In other words, the SEC appears to have taken most of the 10b5-1 punchbowl away. Even Dan is now “basically happy” (mandating 8-K filings to accompany 10b5-1 plan changes would have made him even happier).
Will corporate insiders lose their Midas Touch?
On one level, if you ban cheating, it becomes harder for cheaters to profit. This was why the SEC modified the 10b5-1 rules.
On another level, I’d surmise that much of the 10b5-1 cheating was relatively short-term in nature – executives profiting off of insider knowledge of near-term events.
If that’s true, the new rules might remove a lot of noise from the insider signal from the perspective of long-term investors. If you see an executive buying a stock, it’s more likely to be because she believes that stock will have a good long-term future, and not because she’s planning to dump it after some good news and before some bad news.
Granted, insiders’ knowledge of things like a good long-term future is far less accurate than their knowledge of an upcoming deal, but at least they’re better aligned with shareholders now.
“Insiders may sell for many reasons, but they only buy for one: they think the price will rise.”
-Peter Lynch
The other way to look at it: Evidence showed that insiders were profiting hand over fist even before 10b5-1 came about, and during the easier-to-cheat days of 10b5-1, investors couldn’t easily follow insiders’ 10b5-1 trades in real time anyway, so there’s reason to believe that insider trades – buys in particular – could still convey valuable information to investors.
The top stocks insiders are buying
With that in mind, let’s turn to Benzinga’s Insider Trades tab and see which stocks are most beloved of insiders.

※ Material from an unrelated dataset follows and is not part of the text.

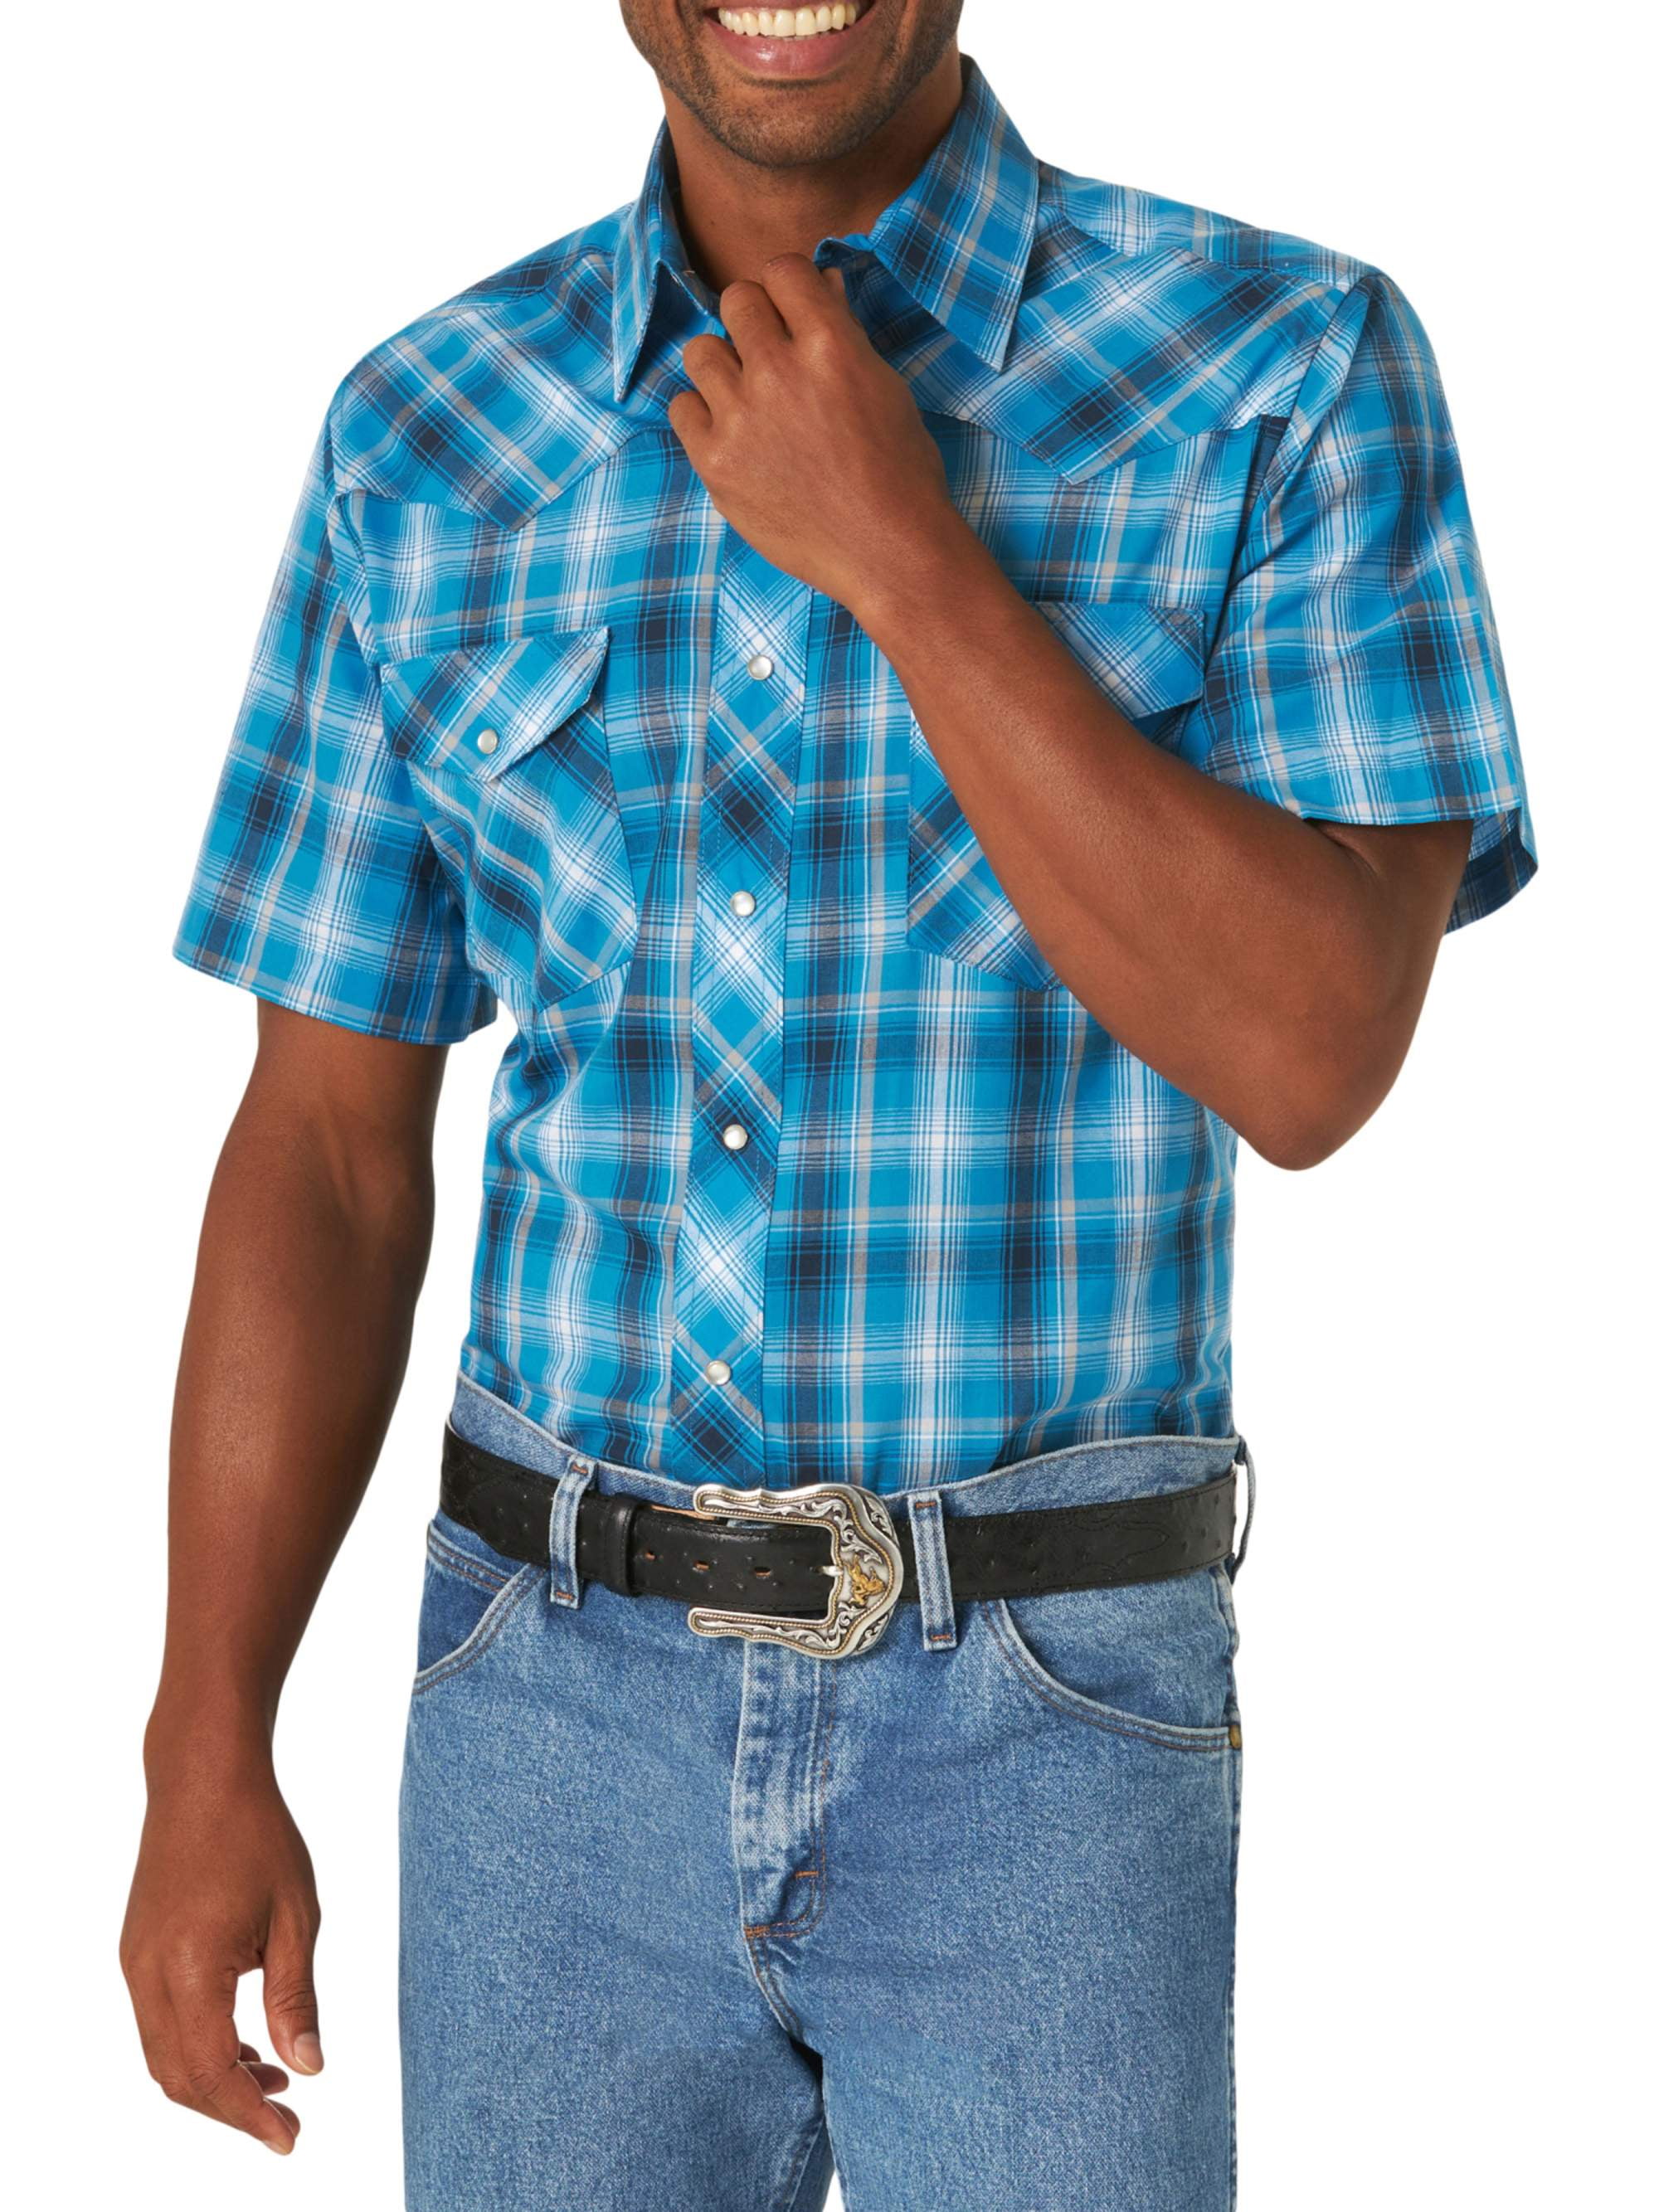 Wrangler Men's Short Sleeve Western Shirt - Walmart.com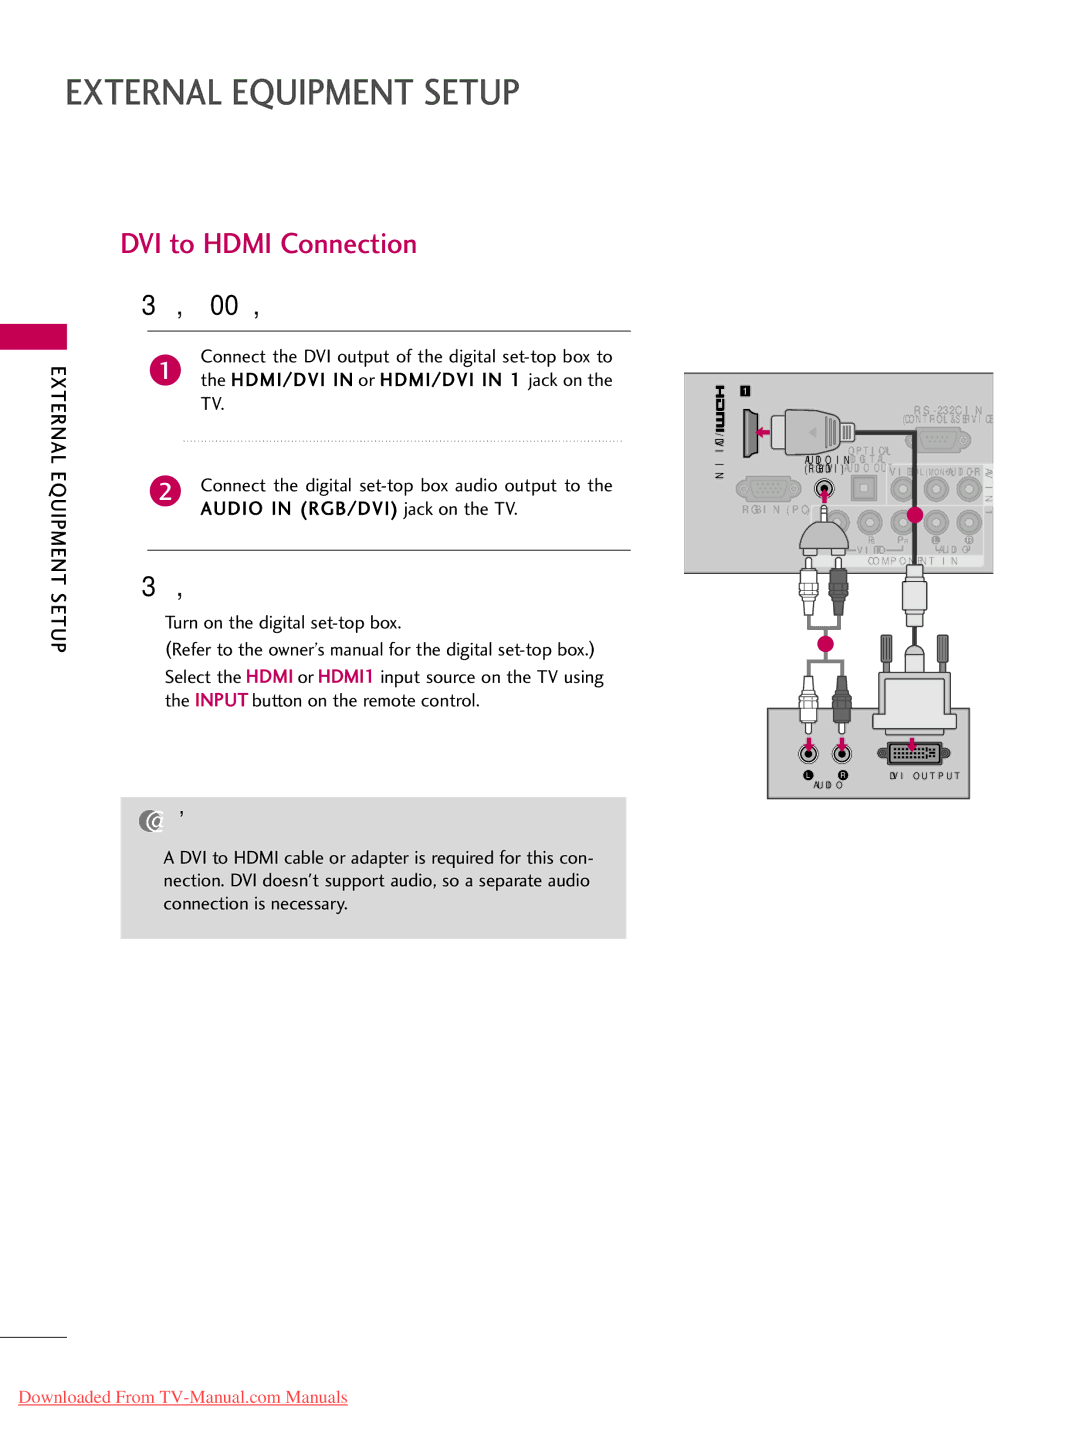 LG Electronics 37LD450, 32LD350, 47LD450, 47LD520, 47LD420, 32LD320, 26LD350 External Equipment Setup, DVI to Hdmi Connection

For this screen, I’ll set a market cap floor of $300 million and consider trades for more than $1 million and ideally represented 5% or more of the insider’s holdings. Trades were made between December 9, 2022 and March 9, 2023.
Company |
Insider |
Trade Type |
Amount |
Summit Therapeutics (SMMT) |
Maky Zanganeh, Co-CEO |
Buy |
$24.7m |
Grocery Outlet (GO) |
Eric Ragatz, Director |
Buy |
$3.04m |
DISH Network (DISH) |
James Defranco, EVP |
Buy |
$8.84m |
SLR Investment (SLRC) |
Michael Gross, CEO |
Buy |
$2.38m |
Quantumscape (QS) |
Jagdeep Singh, CEO |
Sell |
$9.61m |
James Early is Chief Investment Officer of BBAE, a digital investment platform. He has no financial interest in any shares mentioned.